2015 Colonial Athletic Association baseball tournament
- Teams: 6
- Format: Double-elimination tournament
- Finals site: CofC Baseball Stadium at Patriot's Point; Mount Pleasant, South Carolina;
- Champions: UNC Wilmington (4th title)
- Winning coach: Mark Scalf (3rd title)
- MVP: Corey Dick (UNC Wilmington)

= 2015 Colonial Athletic Association baseball tournament =

American college baseball tournament

The 2015 Colonial Athletic Association baseball tournament was held at CofC Baseball Stadium at Patriot's Point in Mount Pleasant, South Carolina, from May 20 through 23. It consisted of the top 6 finishers in the CAA in a double-elimination tournament. won their 4th championship and earned the Colonial Athletic Association's automatic bid to the 2015 NCAA Division I baseball tournament.
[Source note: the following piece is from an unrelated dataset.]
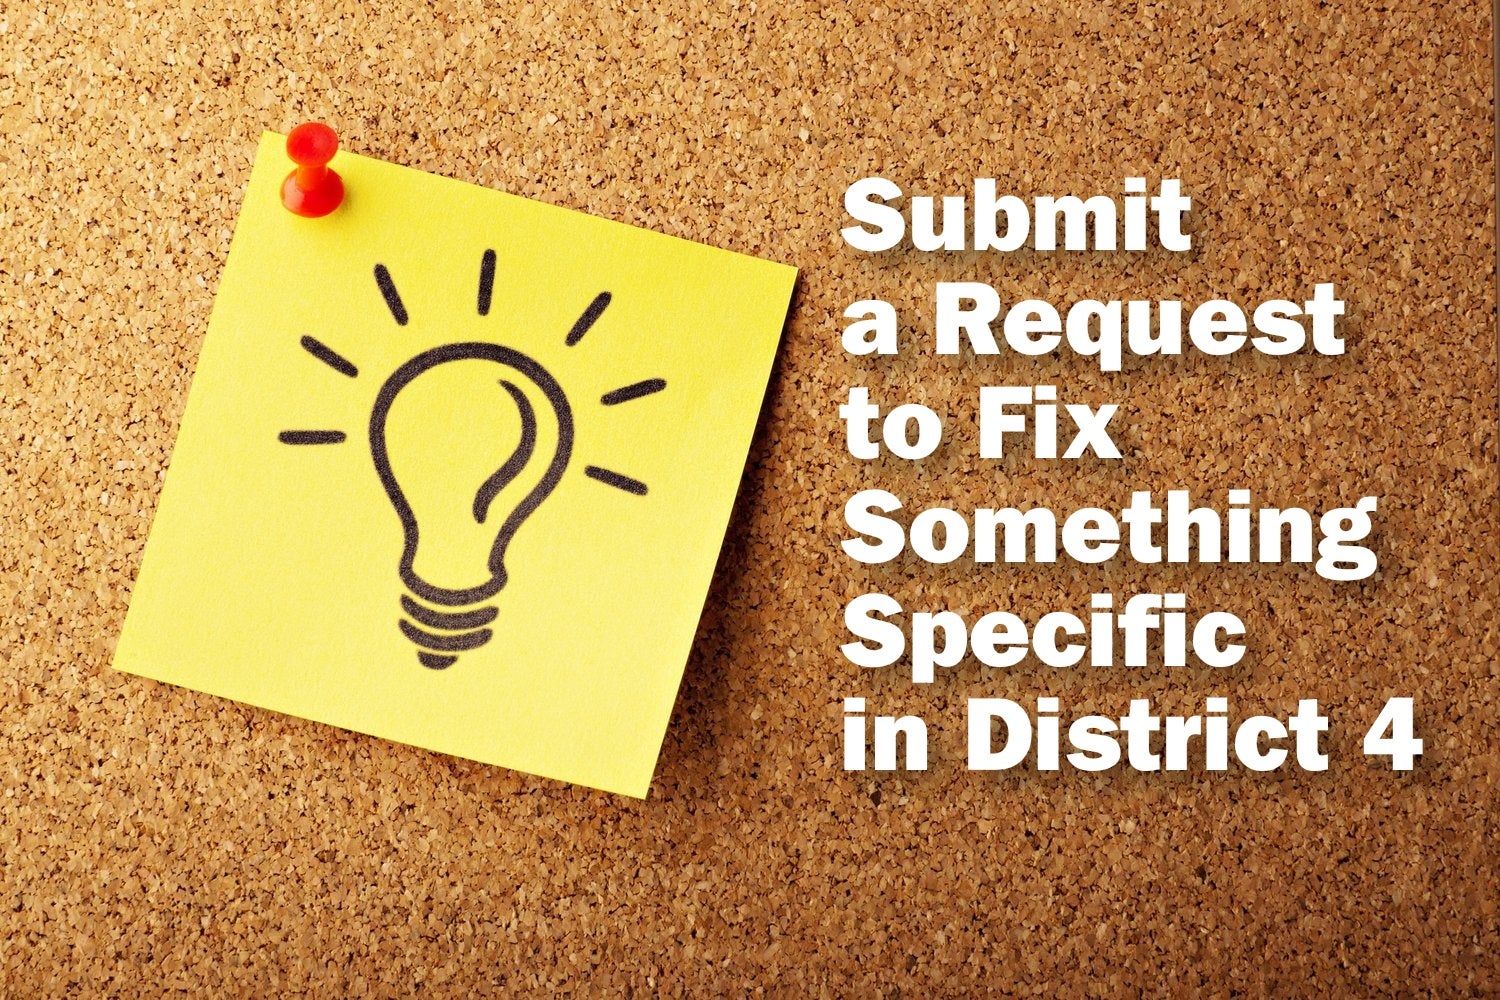 Submit a request to fix something specific in District 4

Entering the event, UNC Wilmington had won the most championships among active teams, with three. James Madison had claimed two titles, while William & Mary, Towson, and second-year member College of Charleston each had one. Former member East Carolina won 7 titles during their tenure in the conference.

==Seeding and format==
Continuing the format adopted in 2012, the top six finishers from the regular season will compete in the double-elimination tournament. The top two teams received a single bye and played the winners of the opening round games.
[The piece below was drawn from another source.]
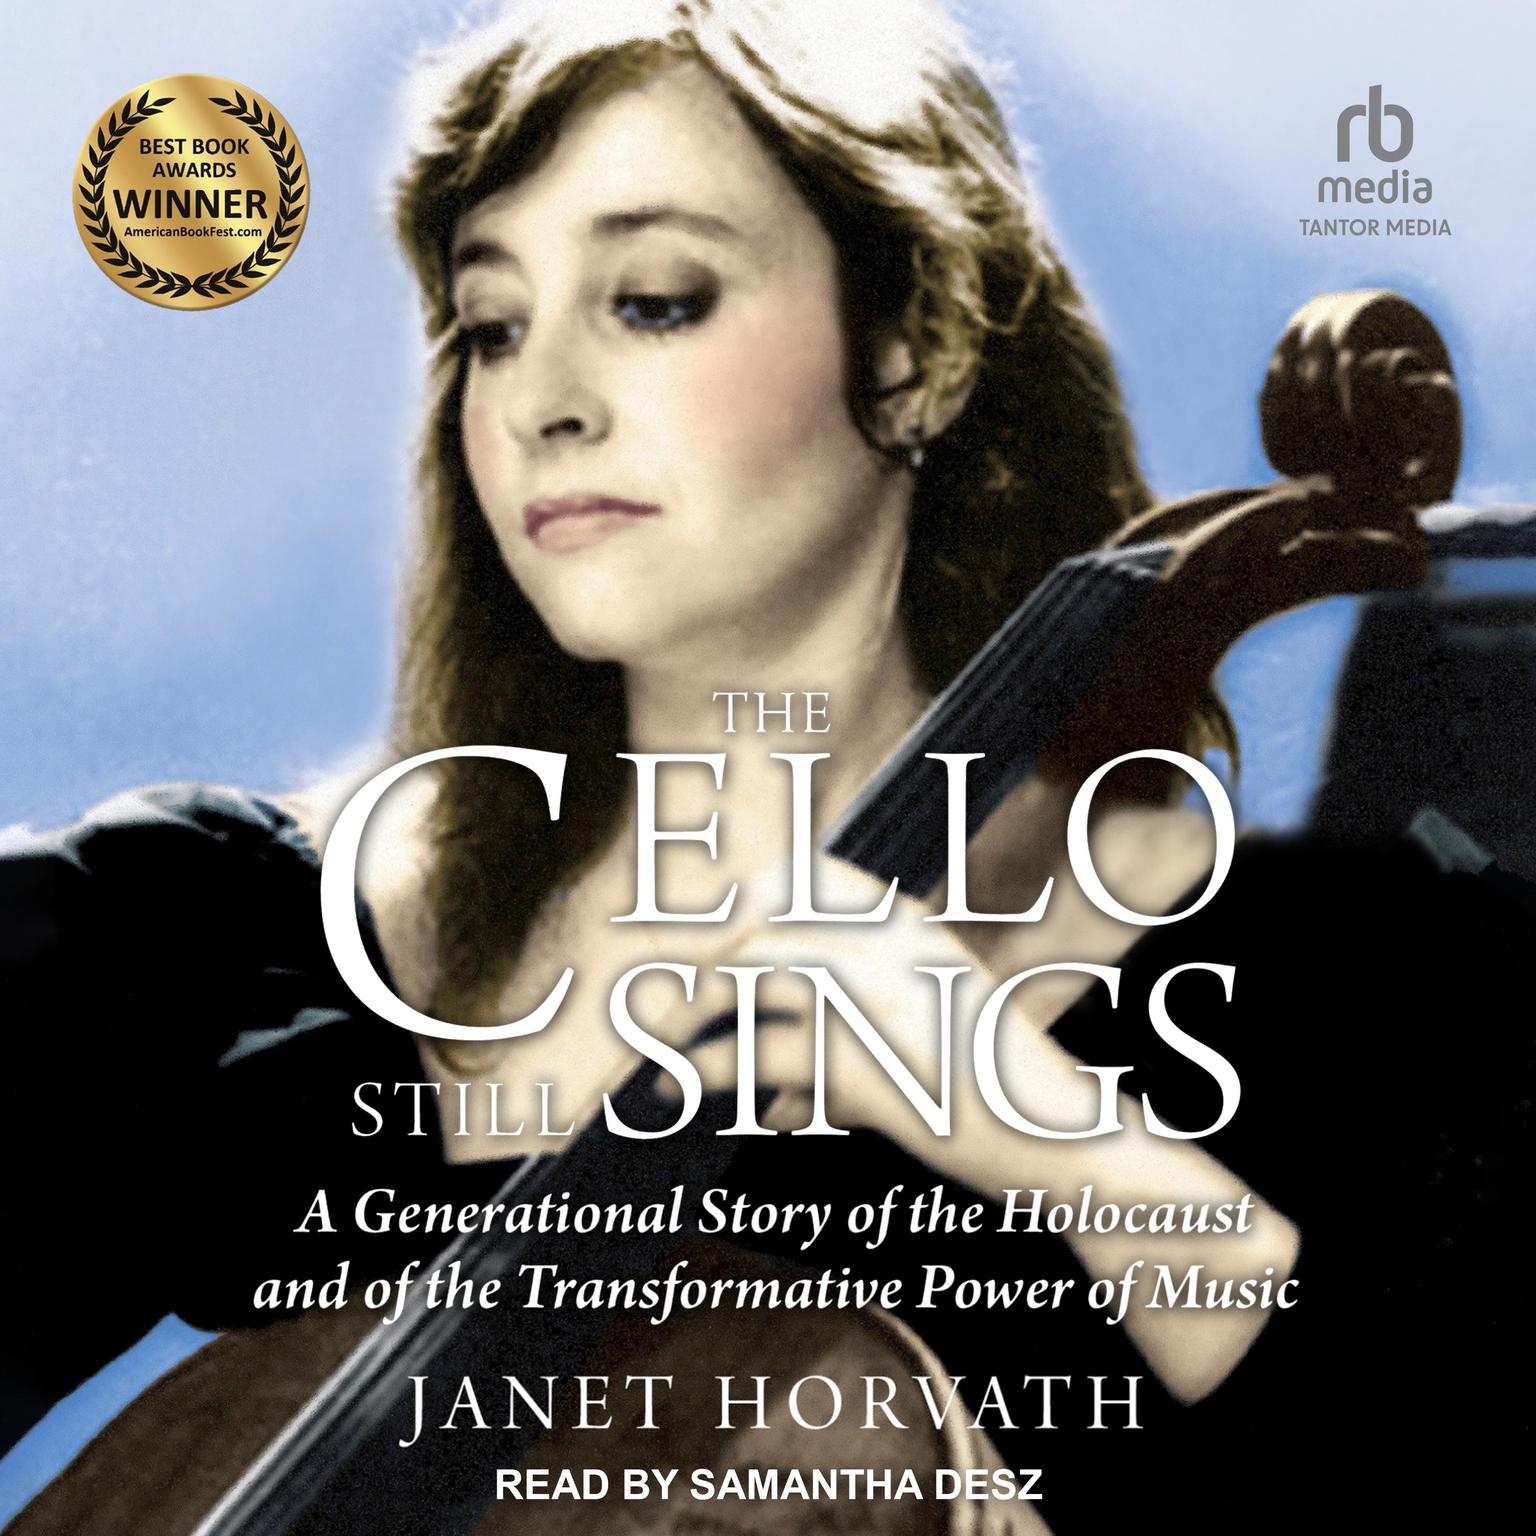 The Cello Still Sings: A Generational Story of the Holocaust and of the Transformative Power of Music Audiobook, by Janet Horvath

| Team | W | L | Pct. | GB | Seed |
|---|---|---|---|---|---|
| College of Charleston | 21 | 3 | .875 | — | 1 |
| UNC Wilmington | 18 | 6 | .750 | 3 | 2 |
| Northeastern | 14 | 10 | .583 | 7 | 3 |
| Elon | 13 | 11 | .542 | 8 | 4 |
| Delaware | 11 | 13 | .458 | 10 | 5 |
| William & Mary | 10 | 14 | .417 | 11 | 6 |
| Towson | 9 | 15 | .375 | 12 | — |
| Hofstra | 6 | 18 | .250 | 15 | — |
| James Madison | 6 | 18 | .250 | 15 | — |

==All-Tournament team==
The following players were named to the All-Tournament Team.

| Player | School |
|---|---|
| Ryan Brown | College of Charleston |
| Taylor Clarke | College of Charleston |
| Adam Davis | Delaware |
| Corey Dick | UNC Wilmington |
| Luke Dunlap | UNC Wilmington |
| Cam Hanley | Northeastern |
| Hayden McCutcheon | College of Charleston |
| Kennard McDowell | UNC Wilmington |
| Brock Niggebrugge | Delaware |
| Evan Phillips | UNC Wilmington |
| Jordan Ramsey | UNC Wilmington |
| Gavin Stupienski | UNC Wilmington |

===Most Valuable Player===
Corey Dick was named Tournament Most Valuable Player. Dick was a first baseman for UNC Wilmington, who went 3 for 5 in the Championship Game with a pair of doubles and two RBI.